I understand that, but taking 3m30s and 5GiB just to load a 50MByte file.... Is not OK.

demanuel avatar May 29 '21 14:05 demanuel

Sure, My intuition is that the memory usage is due to a very large number of objects, and the speed is due to the allocation of those objects. I guess someone could profile the code to determine if there are unnecessary objects being created and retained.

Another line of attack would be to profile the performance of the Grammar on its own (that is without the action that builds the object tree,) and see if any improvements can be made there.

There are probably some micro-optimisations that could be made within the code but you probably wouldn't want to start on that until profiling has revealed the places that would be of benefit.

jonathanstowe avatar May 29 '21 16:05 jonathanstowe

It's good to see it's not just me. I wanted to use XML::Entity::HTML that depends on this module. Turns out that out of 160 seconds of rendering a 1MB HTML on 4 cores, 140 went straight to escaping tags, when the named HTML barely had any tags to escape in the first place!

2colours avatar Jul 22 '22 18:07 2colours

This happens because of the way this module was structured. On the one hand, it's a great example of some very cool Raku features but… they're also ones that haven't been very well optimized. Lots of but, Proxy, runtime references like ::('Foo') etc, that will slow stuff down substantially.

Won't help with memory, but should help with speed: most classes will use method-call syntax for attributes ($.foo) when they really can reference the attribute directly ($!foo). I don't think the optimizer is smart enough to optimize that away.

This can almost certainly be optimized by a LOT, but I'm not sure if it can be done while maintaining 100% backwards compatibility. Guess I'll give it a try.

alabamenhu avatar Feb 05 '23 01:02 alabamenhu

It's certainly mostly my fault the XML module is slow as molasses in January. When I first worked on this in 2010, I wanted to try using all of the cool language features that had drawn me to Raku in the first place, and had more emphasis on that than on performance. Subsequent updates only focused on trying even more cool new features.

I'd planned on eventually writing an add-on extension using LibXML2 bindings (I see there is at least one module doing that now) but using the simpler API this module provides.

All of the amazing developers who have worked on this since I abandoned my Raku libraries a decade ago, have improved it substantially, and they are all saints for working on the convoluted codebase I left behind.

supernovus avatar Feb 21 '23 16:02 supernovus

@supernovus don't worry - it's really much better that you have left a lot of stuff to work with/on, than just silently abandoning them. Also, the code isn't all that bad really... when I started looking into it, what struck me is the "builder pattern" everywhere. I thought that would be an immediate and straight-forward place for improvements - but then @alabamenhu started actually making changes and reported that there aren't really easy gains with an eager system - in which case I also wouldn't say it's really your fault.

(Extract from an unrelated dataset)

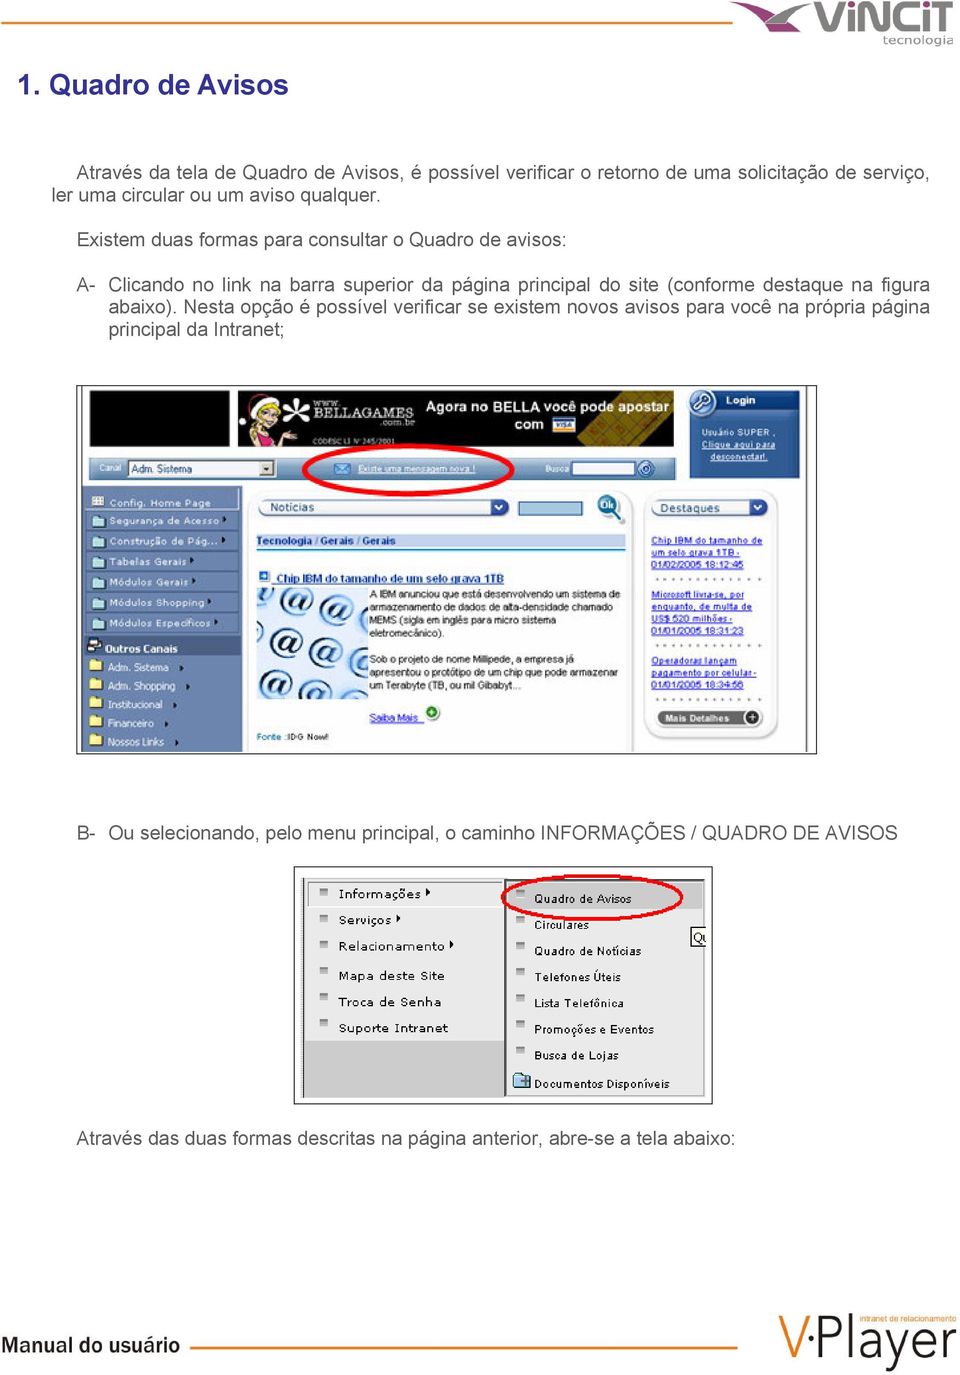 Existem duas formas para consultar o Quadro de avisos: A- Clicando no link na barra superior da página principal do site (conforme destaque na

@alabamenhu are you planning to adopt this module, by the way? Not pressuring you in either direction, just curious. And if you don't, maybe your changes could be merged back into this repo, with a new version published perhaps.

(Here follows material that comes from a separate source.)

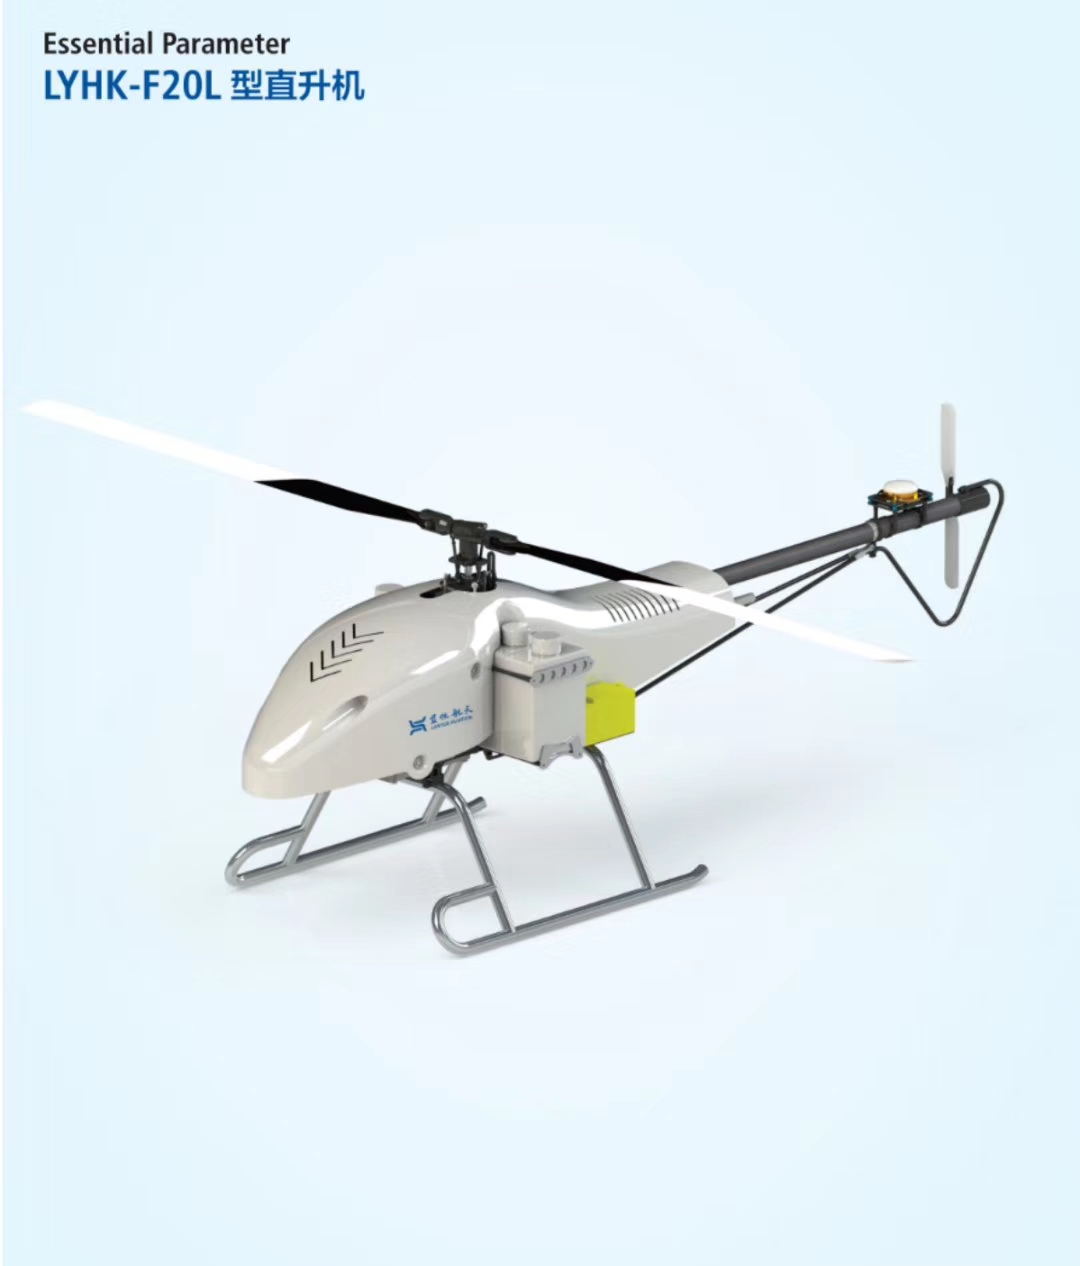 重型运输直升机传动系统构型与技术特点 - (国内统一连续出版物号为 CN10-1570/V)

2colours avatar Feb 21 '23 17:02 2colours

@alabamenhu are you planning to adopt this module, by the way? Not pressuring you in either direction, just curious. And if you don't, maybe your changes could be merged back into this repo, with a new version published perhaps.

Not sure if I'll adopt it per se, but I'll see what I can do to work with it. One important thing to consider here: this is a pure Raku module, and that has major value even if a wrapper for LibXML would be faster. There's no guarantee that LibXML will be available on any given system, so a fully vanilla Raku module is a good thing.

One thing that MIGHT be faster potentially is what I did for parsing number format strings in Intl::Format::Number, which is to integrate the actions into the grammar. XML is unambiguous as it moves forward (so it can be made entirely out of tokens) which provides some real opportunities for improvements. It will probably be a few months before I can work out something along those lines though.

alabamenhu avatar Feb 22 '23 12:02 alabamenhu

While looking into #68 I found that the <xmldecl>? and <doctypedecl>? allow catastrophic backtracking behaviour when the document in total is not well-formed. I'm not sure if changing that makes the performance better for well-formed documents, but tracing what the grammar does exactly might be a good first step to improving the performance.

timo avatar Feb 23 '25 00:02 timo

Worked on this over in #73 a little bit.

timo avatar Feb 26 '25 19:02 timo